Most scientists doing experiments on instruments at different establishments will have experienced the joy of trying to copy data off a variety of different computer systems, often being forced to network a laptop machine at the last minute, write a CD or floppy disk before racing to catch a flight, manually select and copy files one at a time via ftp and/or negotiate a firewall to get at their data. If very lucky, maybe they have been able to download data from a conveniently set up web site, where remembering the password has been the only problem.

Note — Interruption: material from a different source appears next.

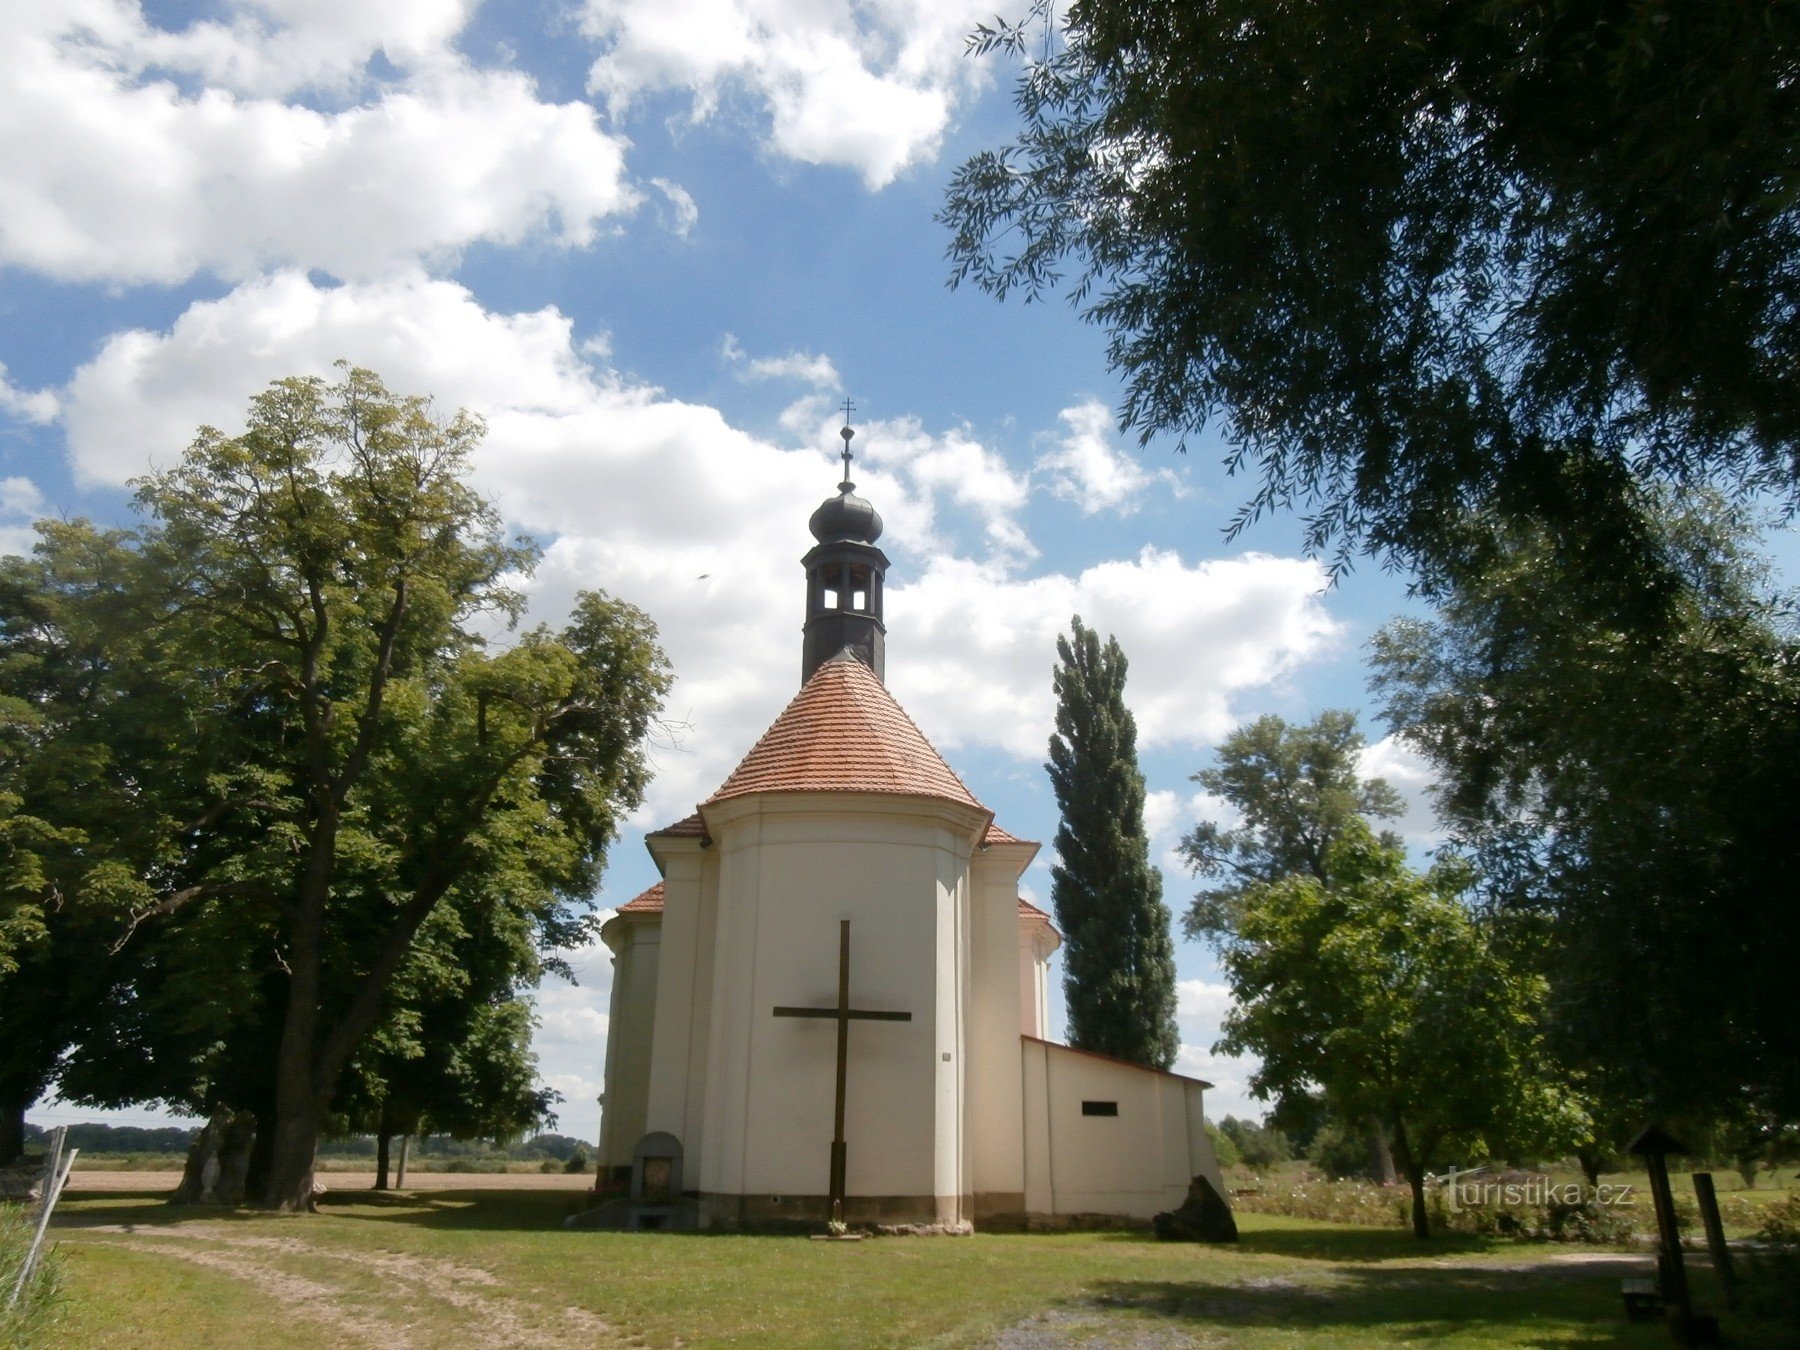 En annan pärla i Křešice - pilgrimsfärdskyrkan för P. Marys besök

If this state of affairs wasn’t bad enough, there are things that are even harder to do than read your data. For example, you might want to send a few calibration files and sample setup notes to a remote site ready for an experiment. This would normally be seen as folly unless you have a trusted colleague already on site to help you receive and look after the files. And what if you’ve forgotten a file you needed on arrival? Wouldn’t it be nice if you could do a bit of data reduction on site and then continue at home, all the time saving the reduced files in the same directory as the raw data (and with no need to copy the data locally). And then permit a colleague to access a few of the files from their own laptop whilst at home (by setting permissions like you do on a local Unix NFS file system or Windows share)?
There is really very little reason why we should accept such a desperate state of affairs. With the help of the UK’s e-Science centre we have been experimenting with the San Diego Supercomputing Centre’s SRB (Storage Resource Broker) for several months now. This provides at a minimum a very credible and functional globally distributable file system.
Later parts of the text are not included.